- Created by: Malcolm Bird Kathy Rogers
- Written by: Malcolm Bird
- Directed by: Grazia Caroselli Kris Curry Malcolm Bird Patrick Doody Chris Valenziano
- Presented by: Rob Czar Kamaya Jones Clinton McLean Michelle Armitage
- Country of origin: United States
- Original language: English
- No. of seasons: 1
- No. of episodes: 12

Production
- Executive producer: Jim Rapsas
- Producer: Malcolm Bird
- Running time: 30 minutes
- Production companies: Discovery Kids RDF Media LA

Original release
- Network: Discovery Kids
- Release: 5 October 2002 – 15 February 2003

= Operation Junkyard =

Operation Junkyard is an American television series that aired from October 5, 2002 to February 15, 2003 on Discovery Kids.
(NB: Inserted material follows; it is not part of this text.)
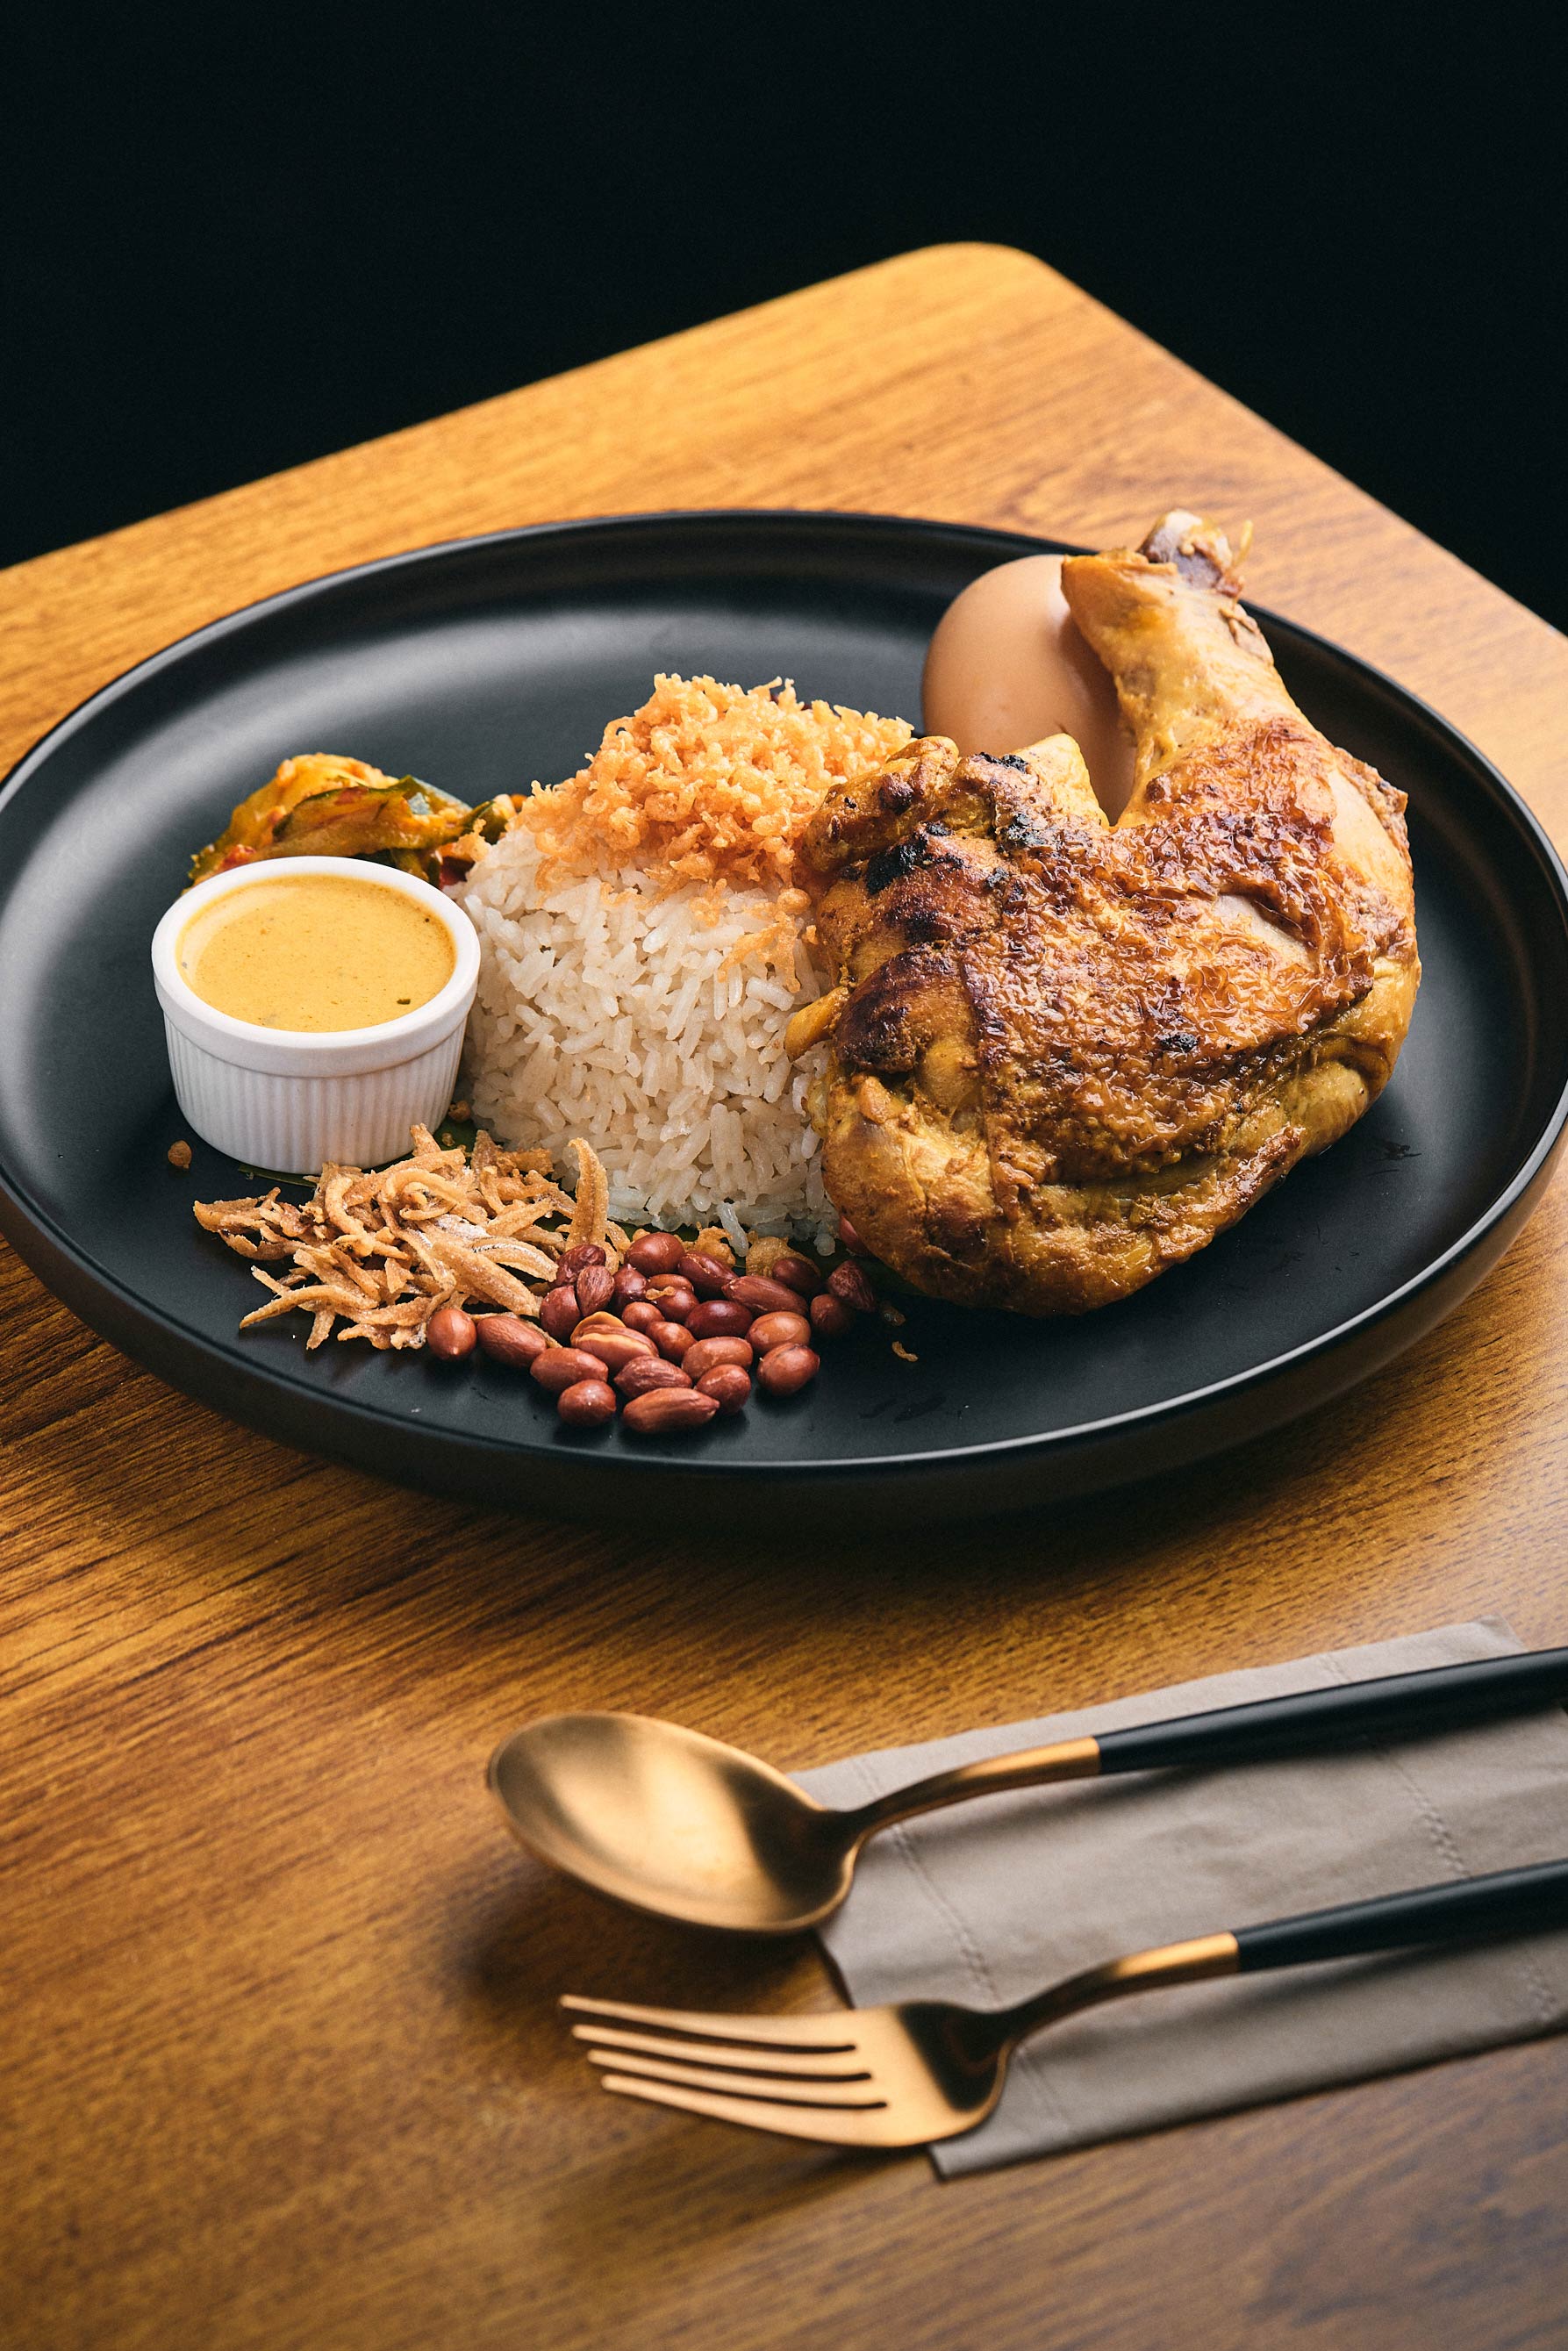 Wholesome Lemak Drumstick, $11.50 (8 DAYS Pick!)

Essentially a spin-off of TLC's popular series Junkyard Wars, OP/JY featured teams of teens that were challenged to build gadgets out of junk in six hours. Teams featured on the show include the Rummaging Robots and Jurassic Junkers, and the teams were tasked to build gadgets like water bailing machines, mud scooters, and remote control battleships.

==Premise==
At the beginning of each show the challenge of the day was revealed and teams attempted to collect "bodgits" by completing small challenges. "Bodgits" were helpful advantages that teams could earn, including time with the on-set engineer or special parts for use in their build. Two identical school buses filled with junk were given to the teams, who had six hours to create their contraptions.

==Teams==

| Team name |
|---|
| Jurassic Junkers |
| Banging Builders |
| Rummaging Robots |
| Scrap Scavengers |
| Scrap Heap Henchmen |
| Gearhead Gremlins |
| Garbage Gorillas |
| Renegade Recyclers |
| Junkyard Jugglers |
| Funky Junkers |
| Raging Racers |
| Demolition Dudes |

==Episodes==

| # | Gadget Made |
|---|---|
| 1 | Catapult |
| 2 | Water Bailer |
| 3 | Water Bike |
| 4 | Cannon |
| 5 | Baseball Pitcher |
| 6 | Master Water Blaster |
| 7 | Go Cart |
| 8 | Mechanical Crane |
| 9 | Ice Drag Racer |
| 10 | Mud Scooter |
| 11 | Pie Filling Machine |
| 12 | Battleship |

==Reception==
In a positive review, The San Diego Union-Tribune television critic Roshni Kakaiya wrote, "I really recommend this show to everyone, even younger kids. The story has a lot of meaning. If I could rate this on a scale of colors, black being the worst and gold being the best, I would rate this show silver." Calling the show "entertaining and educational", The Dallas Morning Newss Jeanne Spreier gave it an A-minus, writing that it "gets high marks for all sorts of reasons, not the least of which is using words such as release valve, psi gauge and propulsion—and making them synonymous with fun".